START Data to examine

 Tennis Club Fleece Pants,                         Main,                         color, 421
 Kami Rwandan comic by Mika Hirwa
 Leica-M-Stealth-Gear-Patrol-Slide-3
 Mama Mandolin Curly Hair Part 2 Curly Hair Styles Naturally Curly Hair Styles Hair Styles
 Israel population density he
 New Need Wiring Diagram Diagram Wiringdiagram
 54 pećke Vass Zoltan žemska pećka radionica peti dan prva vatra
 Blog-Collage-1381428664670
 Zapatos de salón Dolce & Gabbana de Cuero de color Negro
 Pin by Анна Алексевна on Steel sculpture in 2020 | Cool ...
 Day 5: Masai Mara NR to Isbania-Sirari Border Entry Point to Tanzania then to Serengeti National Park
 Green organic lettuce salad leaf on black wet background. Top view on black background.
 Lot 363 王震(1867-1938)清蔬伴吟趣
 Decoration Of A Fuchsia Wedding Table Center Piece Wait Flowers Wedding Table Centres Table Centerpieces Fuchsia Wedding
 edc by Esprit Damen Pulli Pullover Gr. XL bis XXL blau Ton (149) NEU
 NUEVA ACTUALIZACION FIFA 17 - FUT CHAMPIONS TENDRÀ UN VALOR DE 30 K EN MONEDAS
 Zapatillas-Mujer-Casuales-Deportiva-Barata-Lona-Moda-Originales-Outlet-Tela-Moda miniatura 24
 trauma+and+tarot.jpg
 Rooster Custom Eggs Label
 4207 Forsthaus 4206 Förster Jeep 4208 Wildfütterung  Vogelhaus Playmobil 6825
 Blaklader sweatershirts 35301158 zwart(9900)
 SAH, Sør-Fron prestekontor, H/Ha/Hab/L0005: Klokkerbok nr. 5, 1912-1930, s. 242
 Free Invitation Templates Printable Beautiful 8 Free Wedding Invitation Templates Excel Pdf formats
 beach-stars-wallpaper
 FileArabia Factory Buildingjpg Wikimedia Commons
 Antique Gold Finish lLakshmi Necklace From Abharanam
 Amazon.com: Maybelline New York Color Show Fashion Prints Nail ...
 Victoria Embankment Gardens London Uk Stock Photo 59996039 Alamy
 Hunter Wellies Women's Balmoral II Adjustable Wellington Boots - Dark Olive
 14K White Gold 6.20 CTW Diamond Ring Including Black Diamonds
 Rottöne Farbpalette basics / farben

END Data to examine

*What to produce*. Work through the entries, filtering for the string "Wedding", and copy each line that holds it.

*Answer to the exercise*.
 Decoration Of A Fuchsia Wedding Table Center Piece Wait Flowers Wedding Table Centres Table Centerpieces Fuchsia Wedding
 Free Invitation Templates Printable Beautiful 8 Free Wedding Invitation Templates Excel Pdf formats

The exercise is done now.